The in-depth follow-up interview was conducted among patients who were willing to participate after the questionnaire survey. An interview guide was designed to lead the semi-structured individual interview with a focus on exploring how family members may contribute to patients’ HTN management.
Descriptive statistics were used to describe the patient profiles; Fisher’s exact test and Chi-square test were used to compare the level of medication adherence and family support among different subgroups of patients; bivariate logistic regression was used to determine the predictors of medication adherence; and multiple logistic regression was used to examine the independent association between family support/function and medication adherence. Grounded theory was used to guide the thematic analysis of the qualitative data.
Results
A total of 104 patients participated in the study. The majority of participants were female (n = 71, 68.27%) and urban residents (n = 95, 91.35%), with a mean age of 56.61 (SD = 11.70).
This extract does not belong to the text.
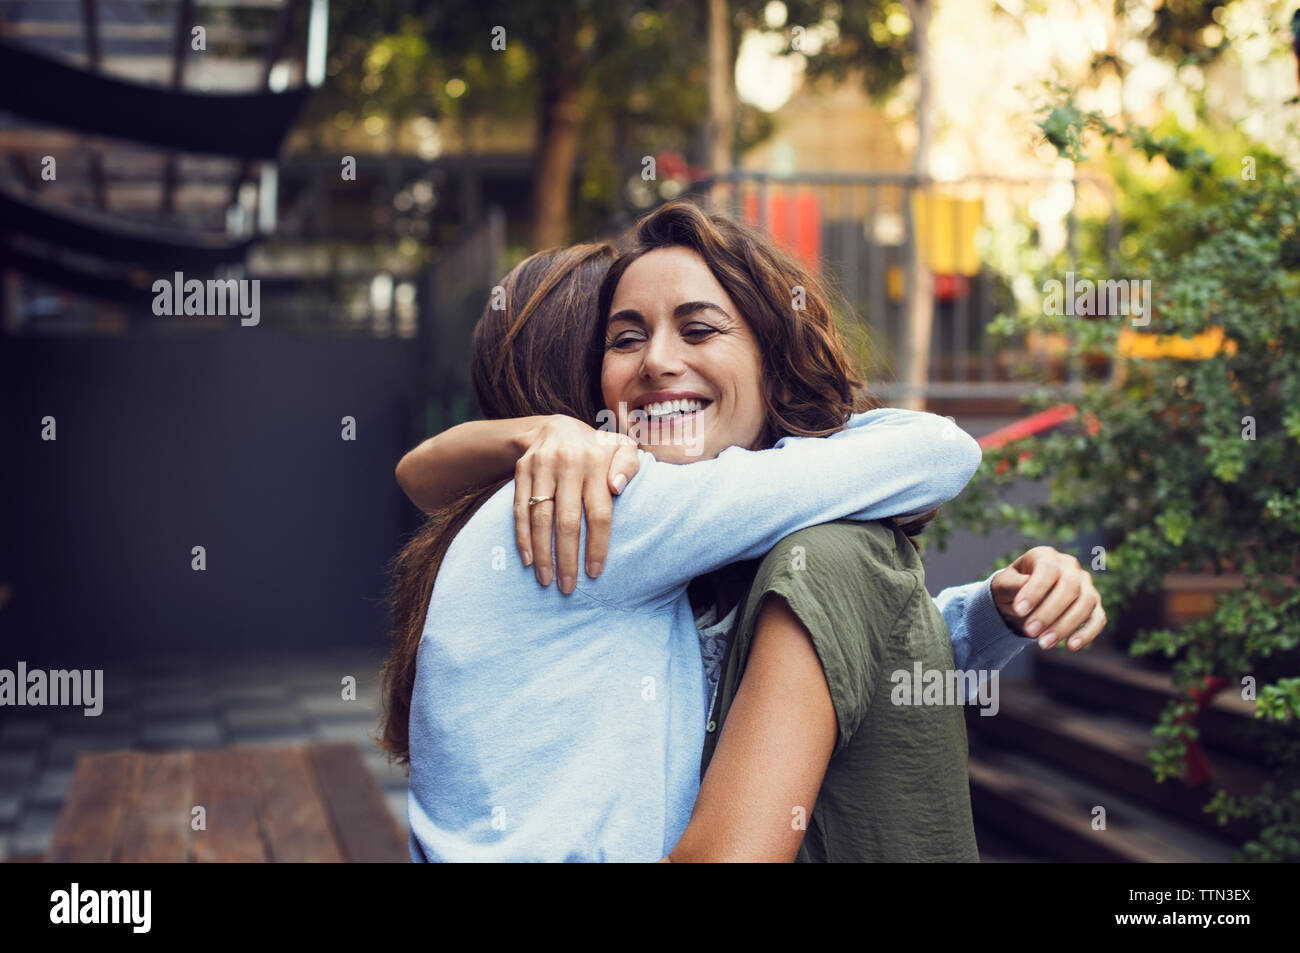 Affectueux mature women embracing at sidewalk cafe Banque D'Images

The overall control rate of HTN among the patients was low, with only 33.98% of them under control. The percentage of highly adherent patients determined by the Morisky Green Scale was 55.77% and was 26.92% as determined by the Hill-Bone Scale. Based on the Perceived Social Support from Family Scale, most of the patients (82.69%) reported strong family support. The majority of patients (77.88%) were determined to have “functional” families by the Family Function APGAR Scale, and 22.12% had dysfunctional families. Both the bivariate logistic regression and multiple logistic regression generated non-significant results for the association between family support/function and medication adherence using either scale.
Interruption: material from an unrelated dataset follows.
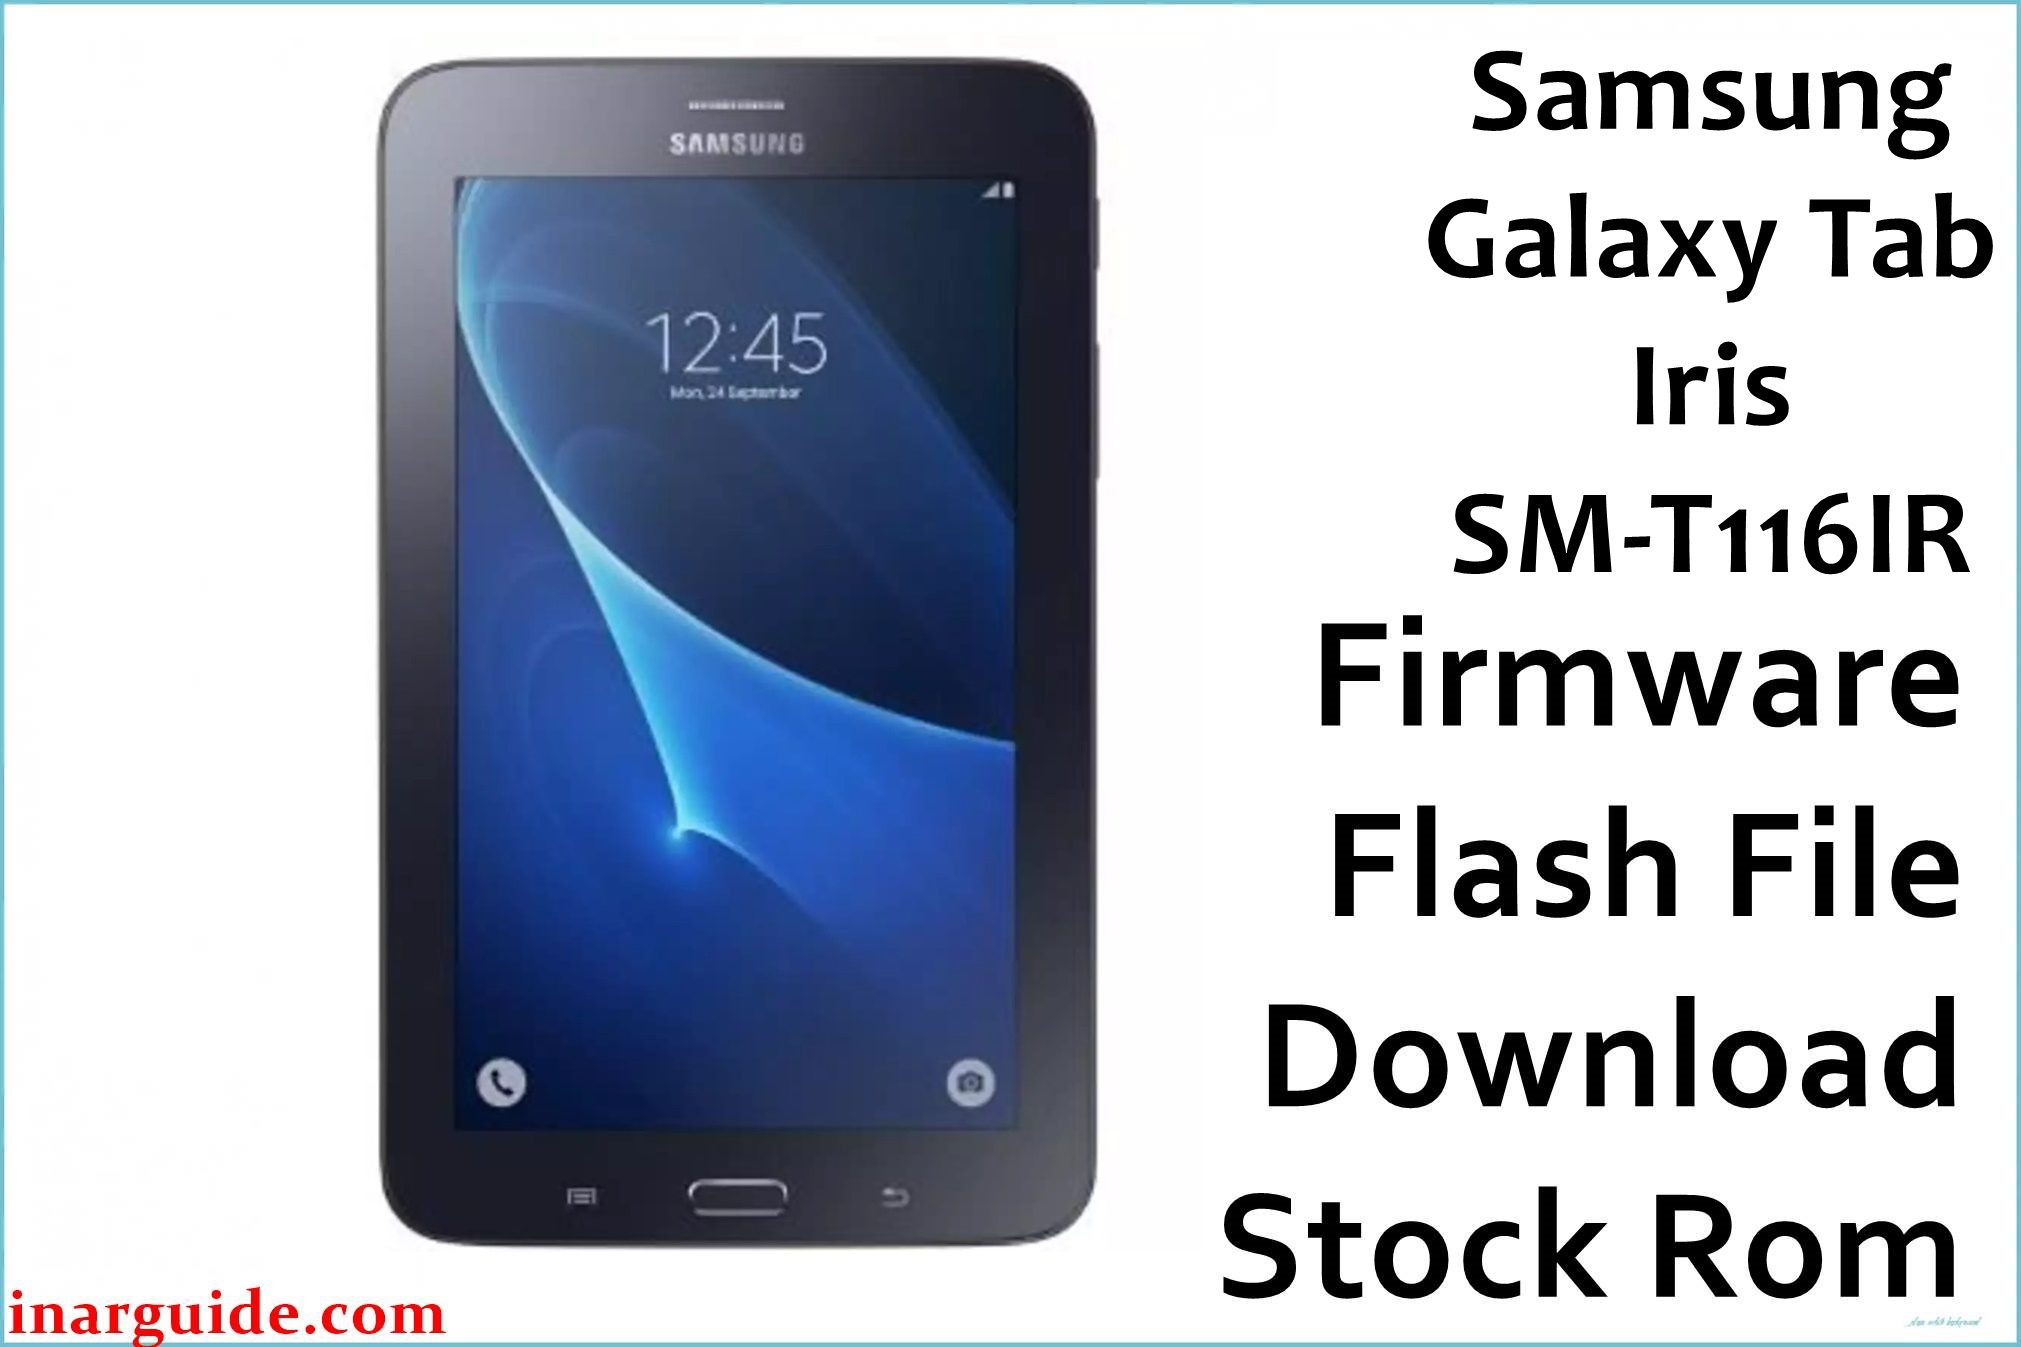 Samsung Galaxy Tab Iris SM T116IR

Three major themes were generated from the qualitative analysis: patients’ family relationship and situation, patients’ perceptions about HTN and medication, and patients’ family in HTN management. The qualitative results suggested that patients’ support from their family members is promising in improving HTN control and medication adherence. However, a low level of health knowledge among patients and their families may present substantial barriers to HTN patients’ medication adherence.
Conclusion
Despite strong family support and a good family function level, HTN patients in Kenya have low medication adherence and are in a critical situation concerning BP control. Lack of health knowledge, limited involvement in patients’ HTN care, and unavailability and unaffordability of antihypertensive medicines are important obstacles that compromise the positive effects of family support on HTN control in Kenya. Future HTN control interventions in Kenya should prioritize providing better health education to the patients and their families, raising people’s awareness for hypertension screening and treatment, and further engaging patients’ families in HTN care. Additionally, the Kenyan government should enhance its healthcare system to ensure people’s accessibility to hypertension medicines and services.